The role of identity in influencing change (Part 2)

In a previous blog post I talked about the identity model of decision making put forward by Stanford Professor, James March.

The identity model says our decisions are based on how we see ourselves, and who we believe we are (or want to be). Any time we have a decision to make, we ask ourselves three questions:

  1. What kind of situation is this?
  2. What kind of person am I?
  3. What would someone like me do in this situation?

This concept can be really useful when we are trying to influence someone to change their behaviour – to make a different choice. Let me give you an example.

In 1985, after decades of collecting more and more rubbish from state highways, the Texas Department of Transportation challenged GSD&M, an Austin advertising agency, to help them create a campaign to reduce this.

What GSD&M found when they began researching the problem was that 18-35 year-old males were the group most likely to litter. When they did focus groups they found, as well as loving pick-up trucks, football and listening to loud music while driving, this group had a very high degree of pride for being Texan.

There you have it. The group that was the biggest contributors to the problem had a very strong view of who they were and the community they belonged too. This was the focus of what GSD&M put into place. They based the whole campaign around identity.

The campaign slogan they came up with was “Don’t Mess With Texas” and debuted in 1986 with the legendary Texas guitarist Stevie Ray Vaughan.
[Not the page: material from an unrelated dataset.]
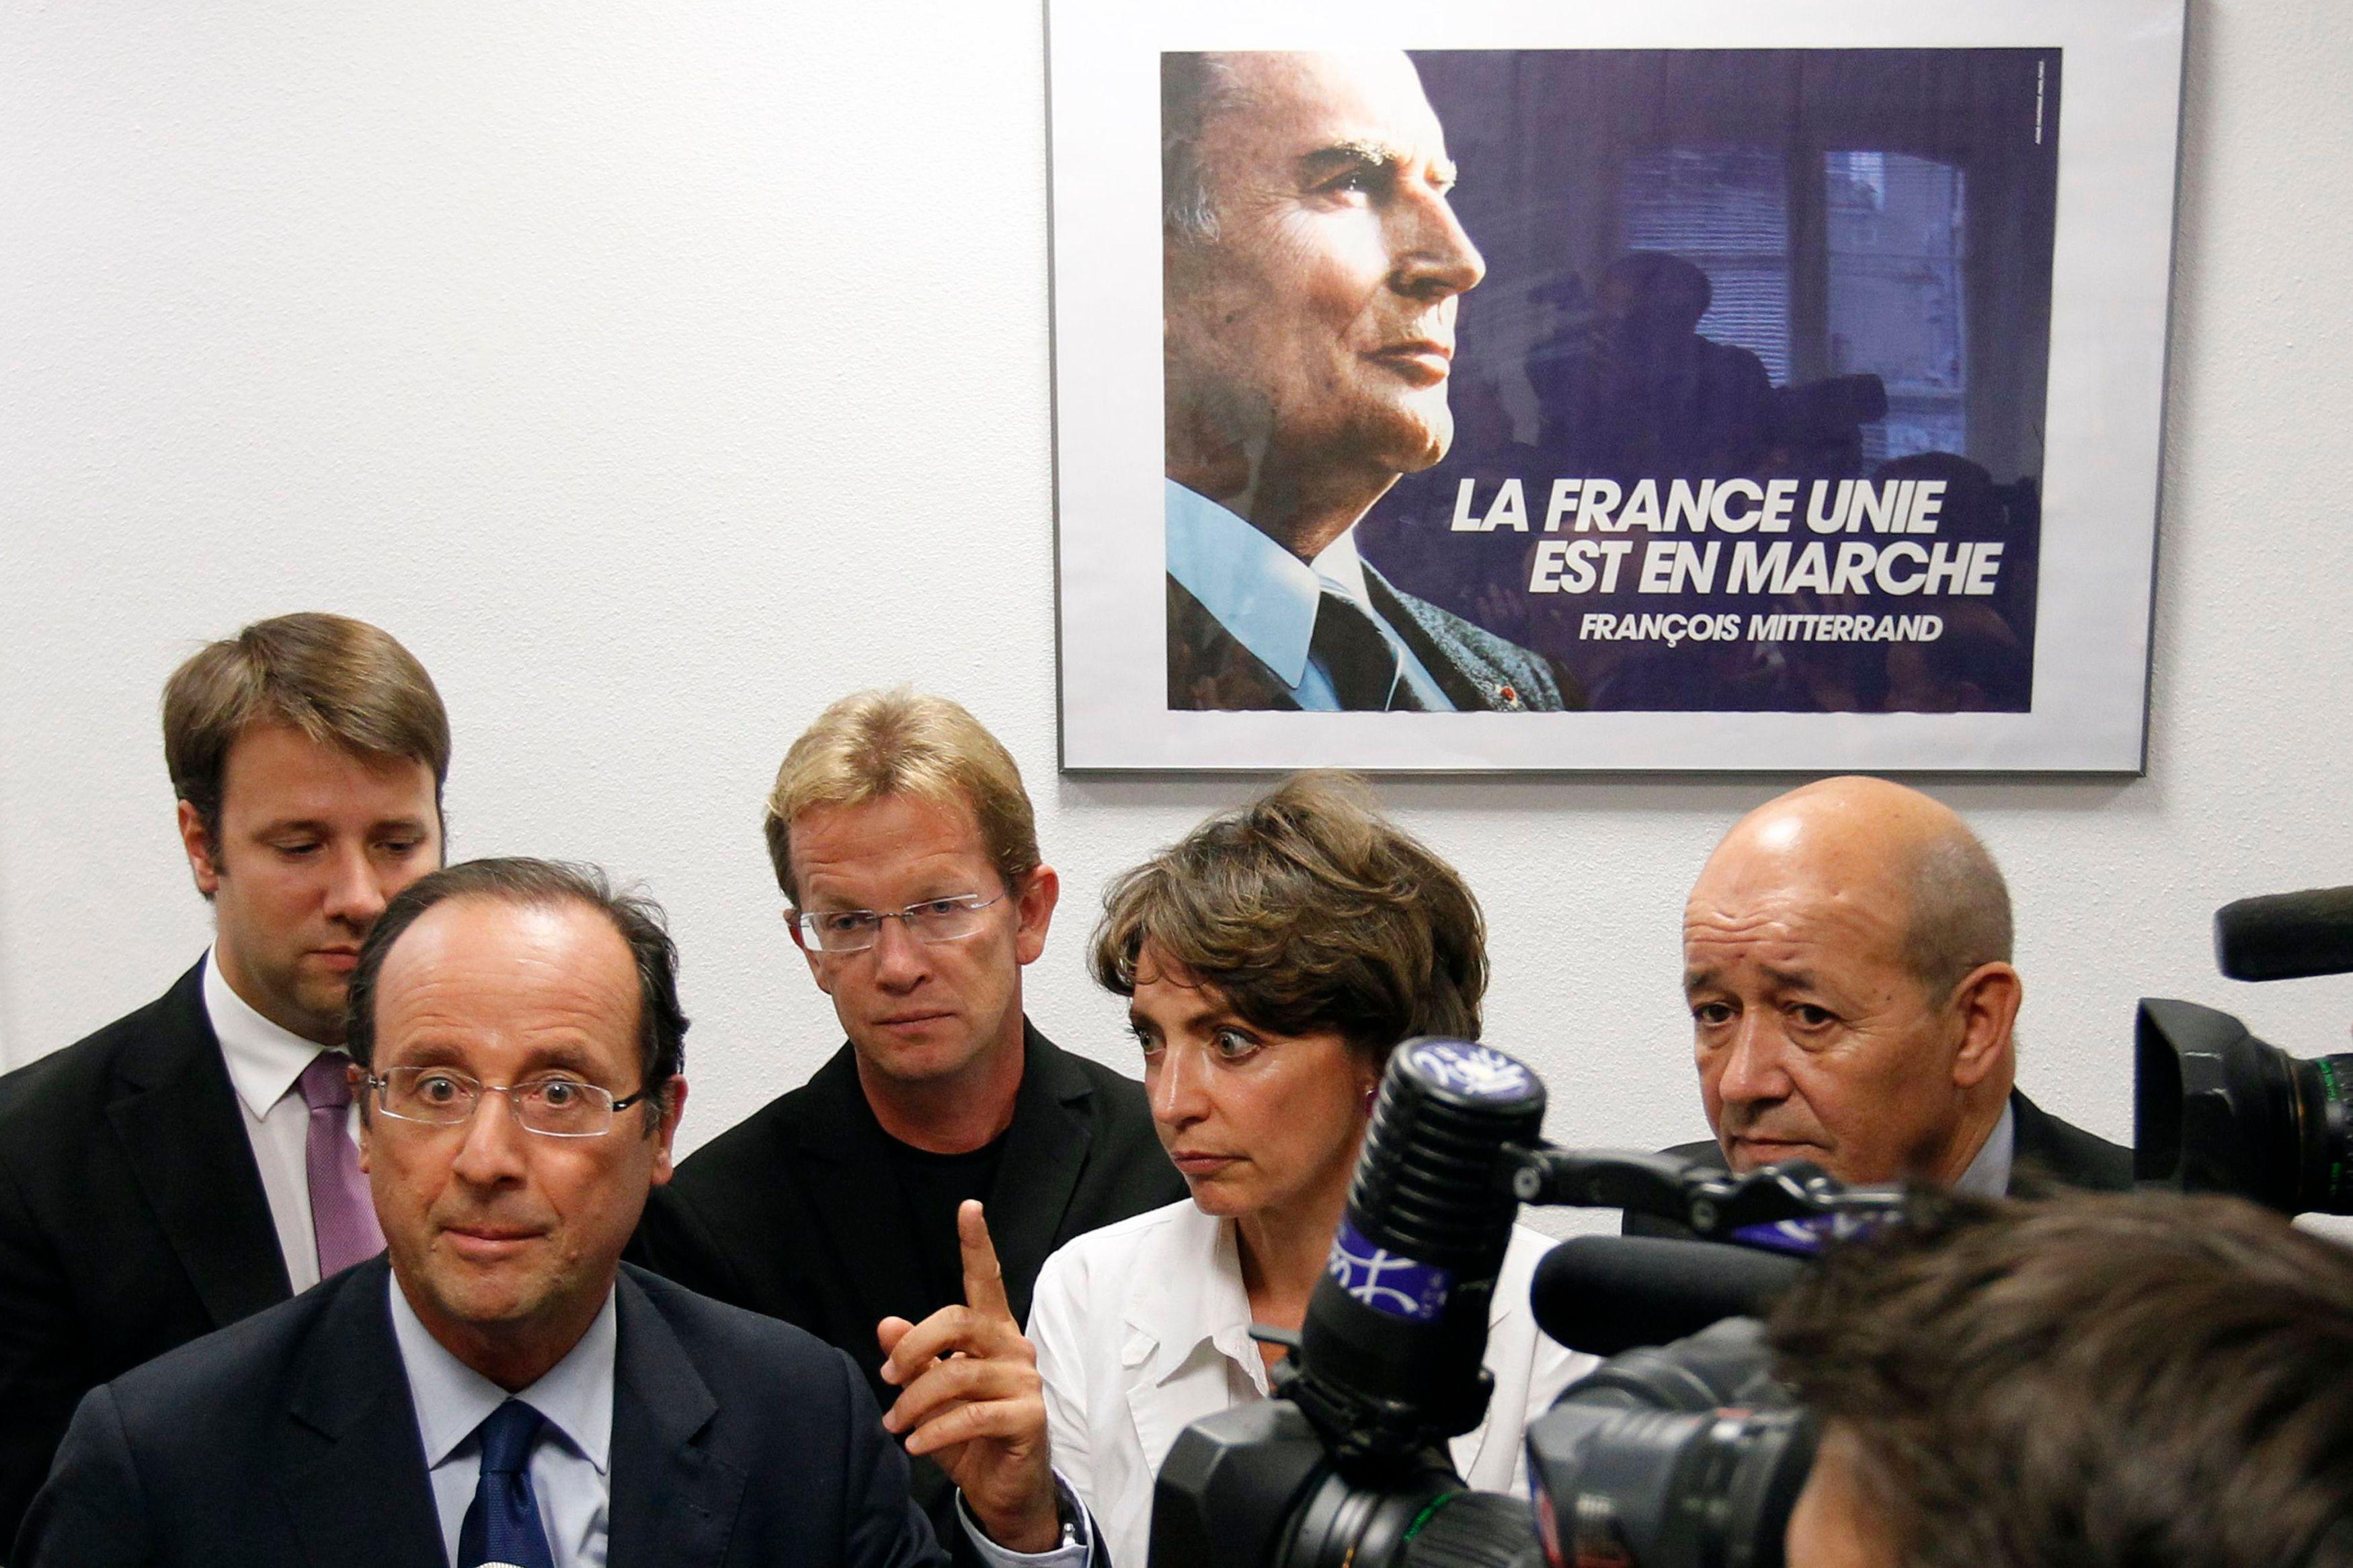 François Mitterrand et François Hollande ont pour point commun d'avoir débuté leur présidence en commettant bon nombre de bourdes économiques et d'erreurs de diagnostic

Seconds after it aired, the local networks were getting calls asking them to play the advert again and it just grew from there.

Over the last 30 years, this iconic campaign is credited with reducing litter in Texas by 72%. Before the campaign, Texas spent $2.33 per person for cleaning roads, and now the state spends only $1.90. It was even voted America’s favorite slogan, beating out Nike’s “Just Do it” a in a 2006 contest.

That is about as close as you get to behaviour change perfection, and it was all built around tapping into identity. It gave the answer to the question “What would a proud Texan do in this situation?” Well, the certainly wouldn’t throw their rubbish away. They wouldn’t mess with Texas.